The emergence of next-generation sequencing and its continuously decreasing costs have paved the way for implementing the use of whole genome sequencing (WGS) as an accessible and affordable tool for genotyping and outbreak tracking [14]. Analysis of entire pathogen genomes via WGS can provide unprecedented resolution even in discriminating between very closely related bacteria that differ from one another by only a single base pair (bp). In addition, unlike the conventional typing methods such as PFGE and MLST, WGS provides large information levels from a single technique, including in silico predictions of virulence and antimicrobial resistance [15–17]. In the past few decades, the application of WGS to clinical and public health microbiology has already been demonstrated in proof-of-concept studies conducted retrospectively or in response to emerging outbreaks (see Box 1) [18].

Given that most infectious disease outbreaks take place within a hospital ward, entire hospital, city or, at the most, a country, most WGS-based outbreak studies have been performed in reference to these scales. However, increasingly frequent travel and food transportation activity, and the consequent potential cross-board transmission of bacterial pathogens, has encouraged us to believe that WGS-based global surveillance might be of much greater importance in the near future in alerts concerning ongoing global outbreaks [19, 20]. Until now, most genomic epidemiological studies have been conducted following a top-down approach, i.e. when a common source or epidemiological link is suspected, the isolates collected from foods and patients are sequenced for the determination of clonal relationships [21]. In many cases, however, despite enhanced surveillance during outbreaks, missing transmission links are inevitable due to missed sampling, suppression from antimicrobial therapy or delays in identifying contacts. Here we pose the concept of ‘reverse genomic epidemiology’, i.e. when isolates are found to be sufficiently similar by genome comparison, they are deemed to be a consequence of infection from a common source. In this regard, clinicians and epidemiologists can directly identify similar isolates in the database rather than seeking the assistance of other epidemiological evidence. In this study, we demonstrate the authority and feasibility of this bottom-up approach by comparing the in silico prediction of outbreak events with the real epidemiological records.
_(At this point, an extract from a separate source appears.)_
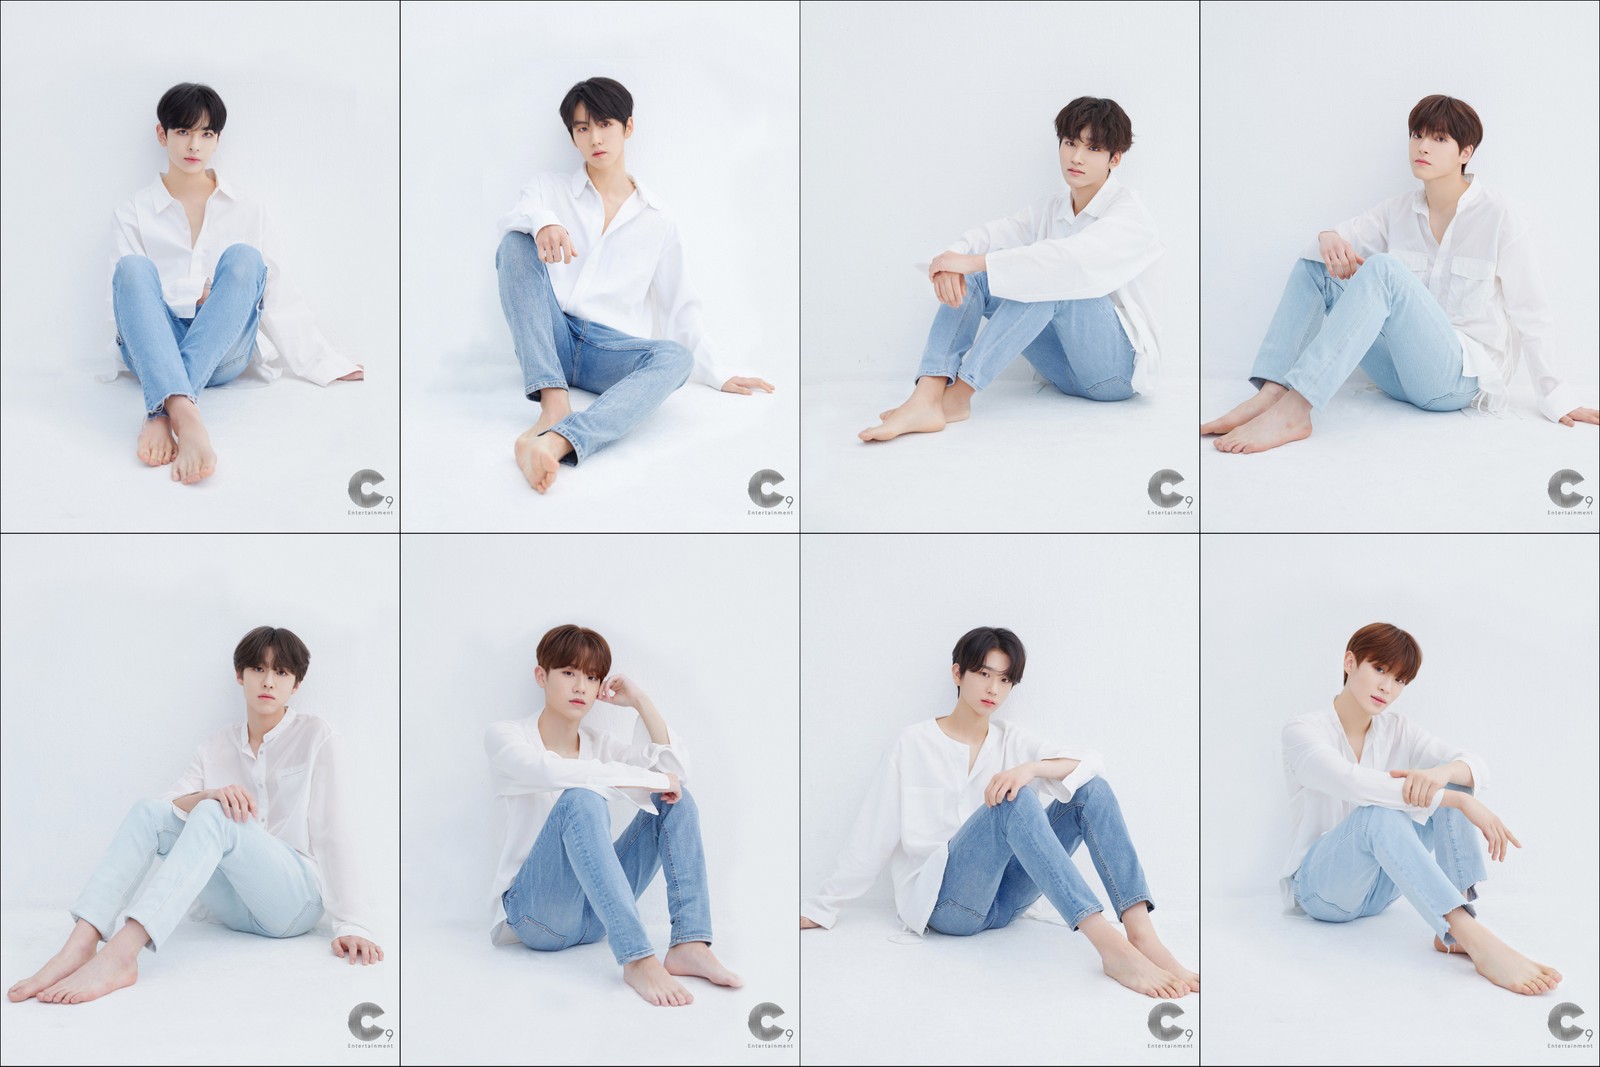 c9-entertainment-unveils-complete-member-lineup-for-new-boy-group-c9rookies

It is, therefore, of particular value to establish a database, similar to PulseNet International for PFGE, for a multi-country, cross-border surveillance of bacterial transmission and outbreak dynamics.

Results and discussion

Availability of an online database

Box 2 lists several web resources that are widely used for bacterial genotyping. Among them, BacWGSTdb (http://bacdb.org/BacWGSTdb/) is a free publicly accessible database we have developed for tracing the infection sources [22]. The deposited genomic sequences and metadata are recruited from the NCBI GenBank database. The recently updated version of this database builds a phylogenetic relationship based on both the MLST and single nucleotide polymorphism (SNP) strategies. In addition, the prediction of antimicrobial resistance and virulence genes is also integrated, with the aim of providing a one-stop solution to bacterial genomic analysis for epidemiologists, clinicians and bench scientists. Currently, the database encompasses 20 bacterial species of medical importance.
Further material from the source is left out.